Acceptance: agent prompts under 60 lines AND agent still passes its existing skill tests (those that have them).

Part 3 — Model-tier rightsizing

Change ruflo-security-audit/agents/security-auditor.md from model: opusmodel: sonnet. Justification: security review is bounded-scope analysis that sonnet handles cleanly; opus's long-context advantage isn't load-bearing here. Track for a release cycle and revert if quality drops.

Part 4 — Intelligence / learning hook standardization

For every plugin agent without hooks post-task --train-neural true, append the standard 3-line tail:

bash
### Neural learning
After completing tasks, store the outcome:
`npx @claude-flow/cli@latest hooks post-task --task-id "$TASK_ID" --success $SUCCESS --train-neural true`

Targets the 7 agents flagged by audit. Adds ~3 lines per agent — ~21 lines net repository-wide. Standardizes the learning-feedback contract.

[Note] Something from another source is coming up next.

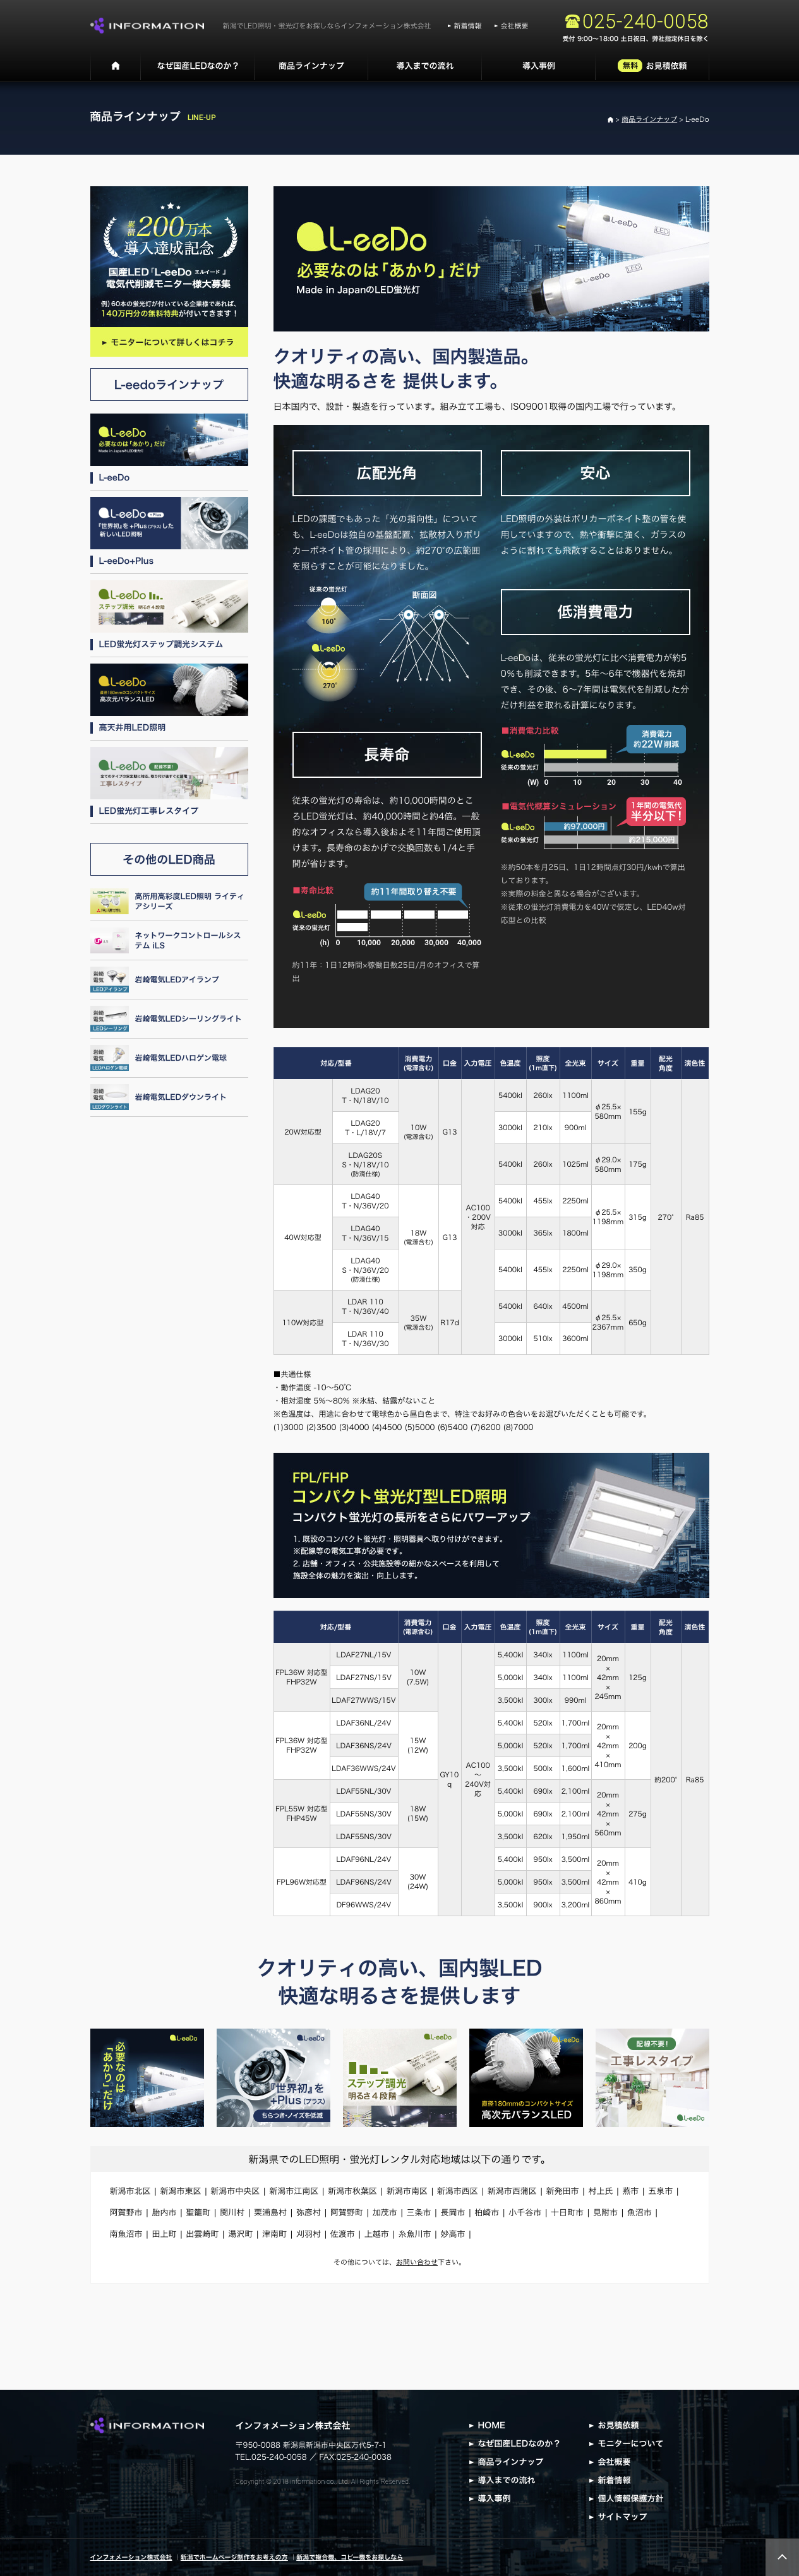 新潟led総合サイト 様のホームページ

Part 5 — Self-optimization worker dispatch

For agents whose work materially contributes to long-term quality (coder, reviewer, tester, security-auditor, perf-analyzer, etc.), append a worker-dispatch line:

bash
### Self-optimization
On successful completion, trigger background optimization:
`npx @claude-flow/cli@latest hooks worker dispatch --trigger <relevant-worker> --task-id "$TASK_ID"`

Worker mapping per agent class:

Agent classWorker
coder, refactoroptimize
tester, testgentestgaps
reviewer, security-auditoraudit
docs, api-docsdocument
analyzer, perf-analyzerbenchmark

Lower priority than Parts 1-4 because workers run async and benefit from stable upstream signal — Part 4 should land first.

Scope guardrails

  • This ADR does not change runtime code in @claude-flow/cli. All edits are in plugins/ruflo-*/.
  • Each part is independently shippable.
  • No new ADR cycle unless a part surfaces a runtime gap (e.g. Part 5 might need a new MCP tool for worker telemetry; if so, separate ADR).
  • Per-plugin version bumps follow semver: capability sync = minor (0.1.0 → 0.2.0); token diet alone = patch (0.1.0 → 0.1.1).

Implementation status

PartScopeStatus
1Capability sync (6 plugins)pending
2Token diet (4 plugins)pending
3Model tier rightsizing (1 agent)pending
4Neural training hook (7 agents)pending
5Worker dispatch (variable)pending — lands after Part 4

Acceptance criteria

The pass is done when:

  • Each affected plugin (per Part 1) has a paragraph or bullet list referencing the relevant ADR-094/095/096/097 capability.
  • All 4 outlier agent prompts are ≤ 60 lines.
  • ruflo-security-audit/security-auditor.md is on model: sonnet.
  • All 43 plugin agents include a hooks post-task --train-neural true invocation.
  • At least 8 work-producing agents include a hooks worker dispatch invocation tied to the right background worker.
  • No regression in the plugin marketplace install path (/plugin install ruflo-X@ruflo still resolves).
  • Spot-check: ruflo doctor -c agentic-flow and the broader doctor output stays green.

Trade-offs

DecisionAlternativeWhy this
Reference tables → skills/REFERENCE.mdKeep them in the agent promptSkills load on-demand, REFERENCE.md loads on-explicit-read; either avoids paying tokens every spawn.
Sonnet for security-auditStay on opusIf post-rollout QA shows degradation, revert. The 5× cost difference is worth a trial period.
Standard post-task tail across all agentsHand-tune eachStandard tail is auditable; users can grep the plugin tree to confirm coverage.
Workers via hooks-dispatchDirect in-process triggerHooks are the existing surface; in-process dispatch would require a new API.
Per-plugin minor bump for capability syncBulk 0.2.0 across allSelective bumps signal which plugins materially changed; bulk would obscure that.

Risks

  1. Skills/REFERENCE refactor breaks agent flow — moving reference tables out of the prompt may break agents that implicitly relied on them being in-context. Mitigation: each token-diet PR runs the existing skill tests and a smoke spawn before merge.
  2. Sonnet drop hurts security-audit quality — possible. Roll out behind a doc note, monitor for one release cycle, revert if needed.
  3. Worker dispatch firehose — if every agent fires a worker, the daemon could fall behind. Mitigation: workers already have priority queues; if backpressure shows, cap dispatch frequency in the agent prompt to 1/N tasks.